Sen. Carona said, We have to decide whether
we put a lasso around them [traffic cameras] to make sure they are
responsibly used, or whether we dont want to have them at
all
the genie is out of the bottle and he said it is
time to regulate (legalize) the use of photo-enforced traffic tickets.
According to the Statesman, Under Texas law,
running a red light is a Class C misdemeanor that can be regulated
only by the state
In 2003 legislators rejected a bill giving
cities authority to issue criminal citations to red-light runners
caught on camera. But they approved a change to the transportation
code that year allowing civil tickets.
Rep. Linda Harper-Brown (R-Irving) inserted
the provision to allow municipalities to issue civil citations using
cameras to regulate traffic. Shortly after the passage of the new
regulation in 2003, Garland, a suburb of Dallas, became the first
Texas city to set up a red-light camera revenue program.

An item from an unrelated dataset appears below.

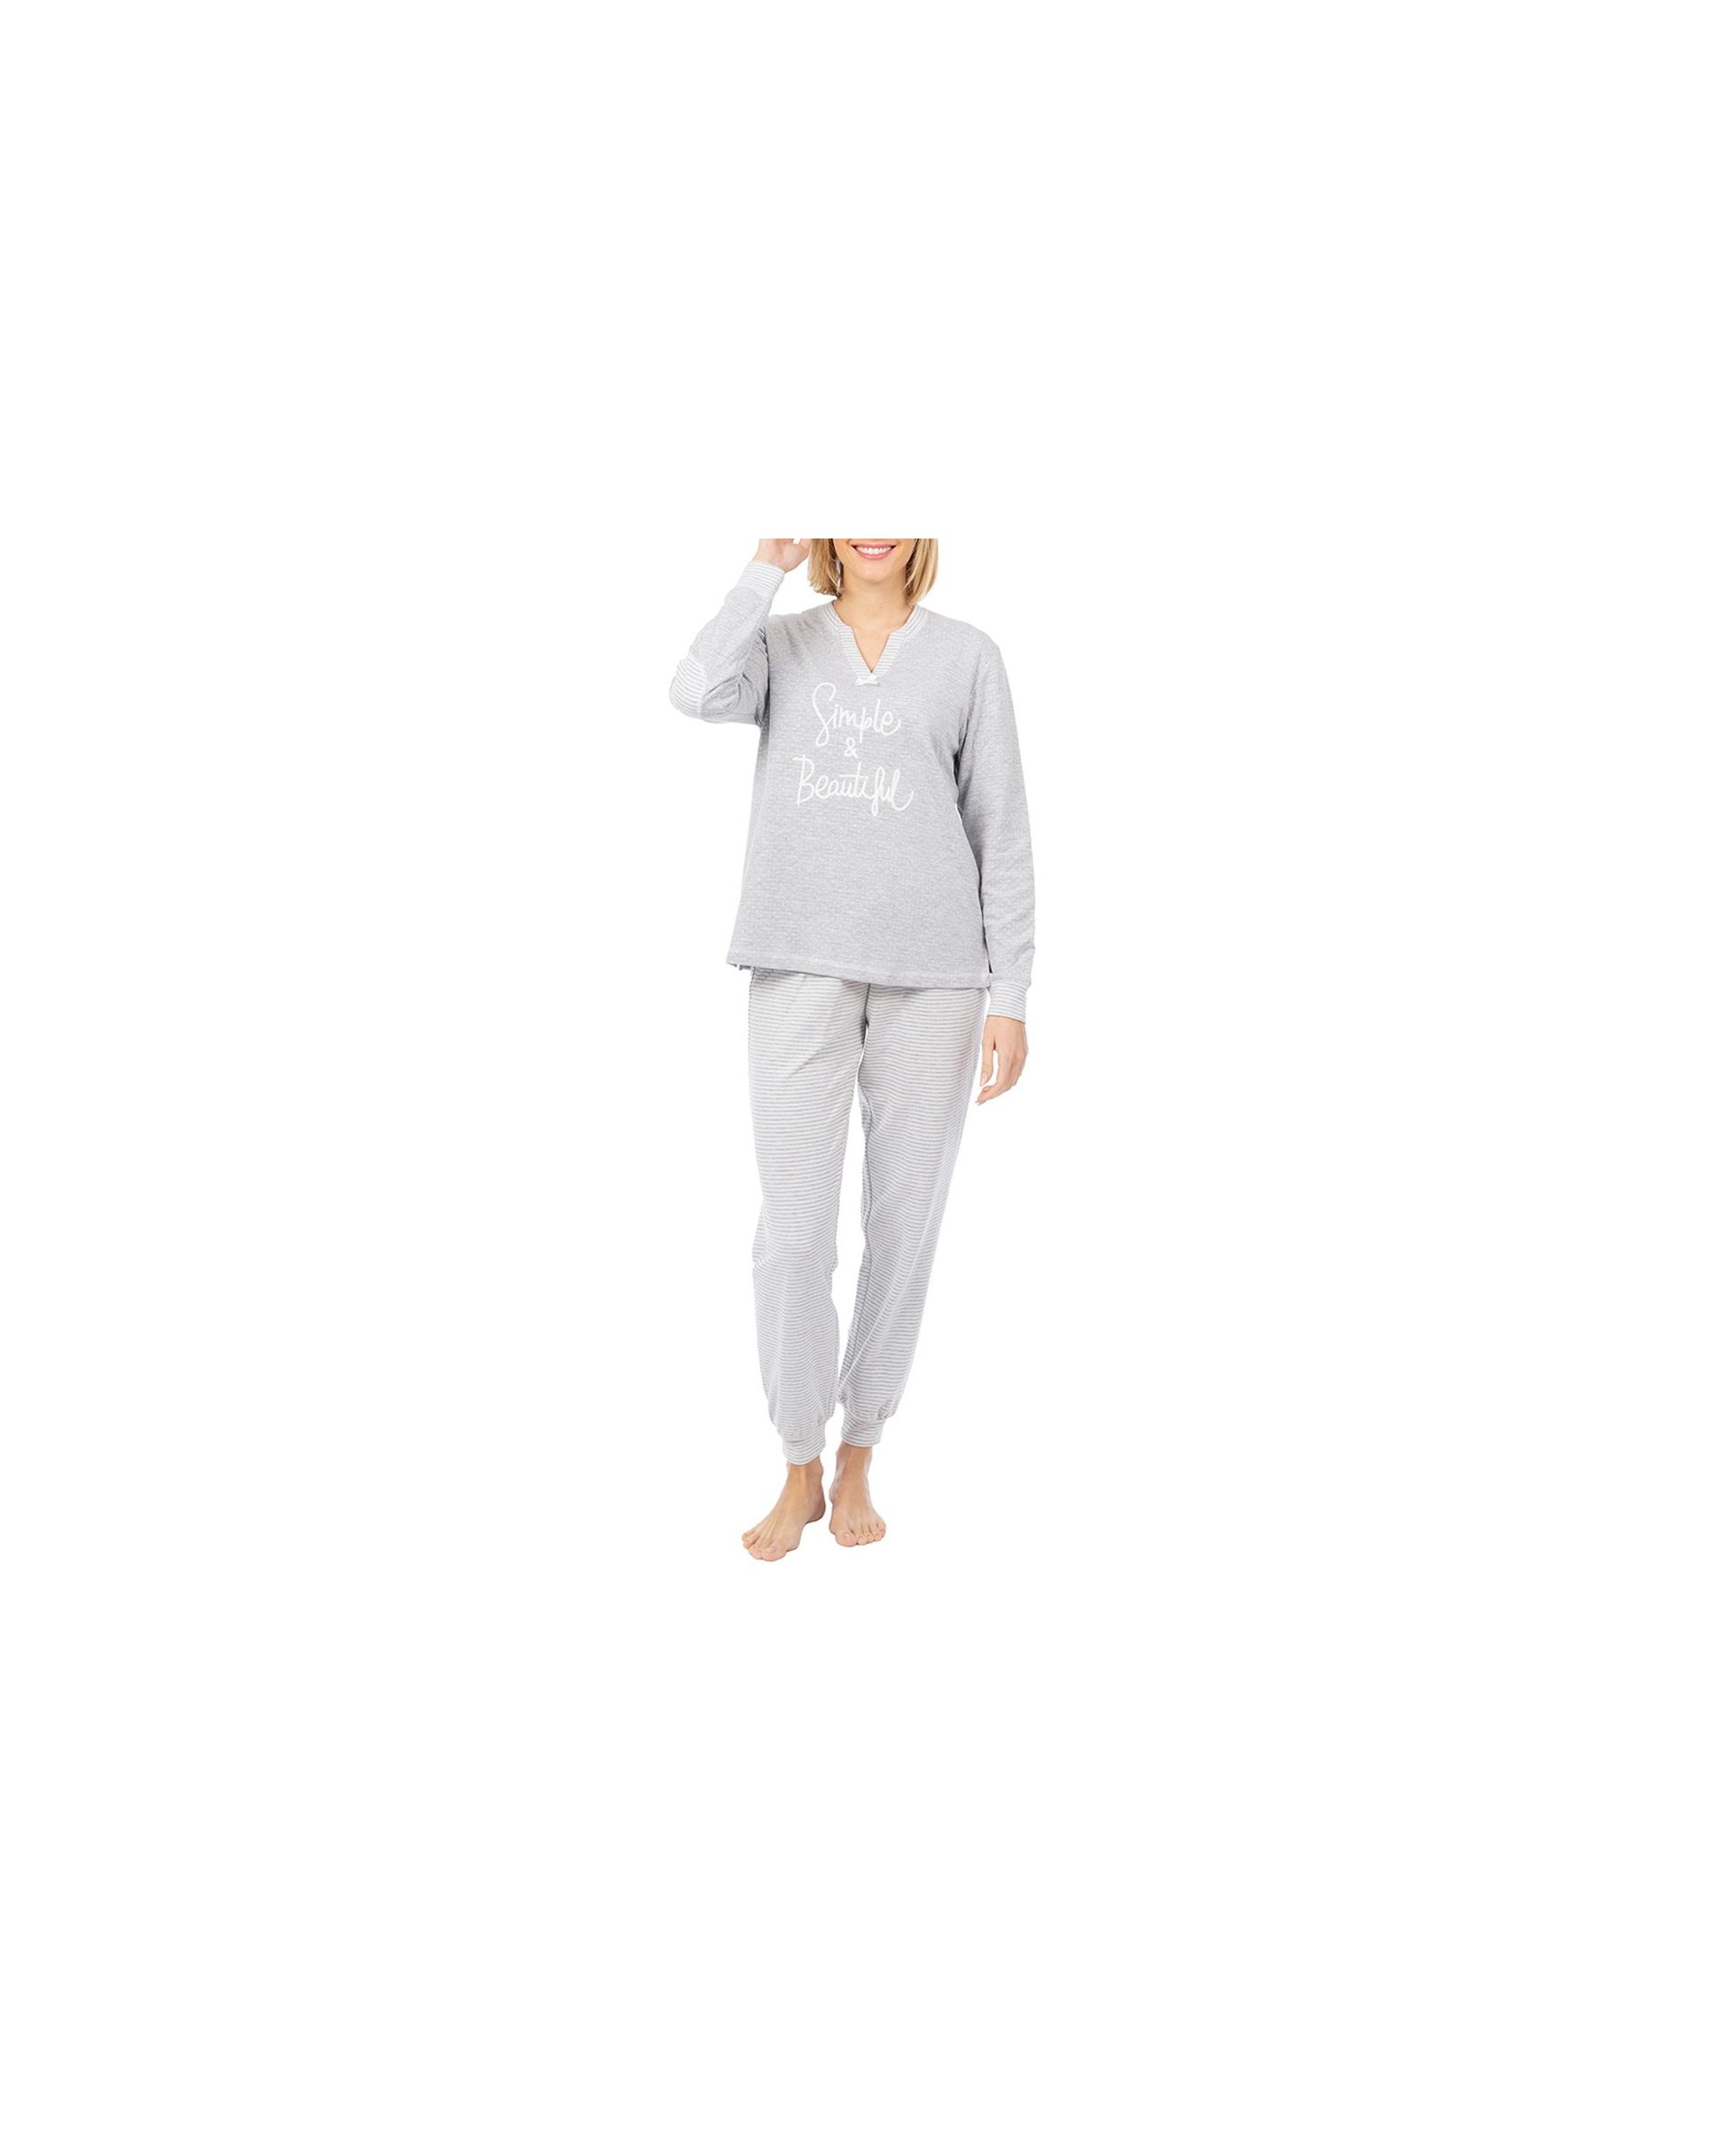 Women's grey striped long sleeve winter pyjamas

LEGAL CHALLENGES TO PHOTO-ENFORCED
TRAFFIC TICKETS
There have been a series of legal decisions across
the U.S. ruling that tickets issued to vehicle owners with computerized
camera systems are illegal according to state motor vehicle codes.
Many have ruled these camera-issued red light tickets
illegal because they automatically attribute the violation to the
vehicle's owner, and not to the driver who committed the moving
violation, and because it sets a double standard where camera-issued
tickets are civil citations (fines) while a police-issued ticket
is a misdemeanor, and thus has more serious repercussions.
On April 5, the Minnesota Supreme Court unanimously
ruled that tickets issued using traffic cameras in Minneapolis are
against the state constitution. "The court argued that Minneapolis
had, in effect, created a new type of crime: owner liability for
red-light violations when the owner neither required nor knowingly
permitted the violation." Traffic violations in Minnesota only
apply to the driver who committed the violation, not to the owner
of the vehicle.
In early 2007, Michigan attorney general Mike Cox
"declared the use of red light cameras or speed cameras within
the state to be illegal
Cox found that state law established
red light running as a criminal violation, so that any local ordinance
declaring such a violation a civil matter would be 'in conflict'
with the law."
Iowa judge Gary McKenrick has also ruled that camera
systems in Davenport, Iowa, are illegal because drivers should be
given a criminal citation for the violation, not a civil citation,
according to Iowa's motor vehicle laws. Since August 2004, over
10,000 red-light tickets and 20,000 speeding fines have been issued
in Davenport using photo-enforcement cameras.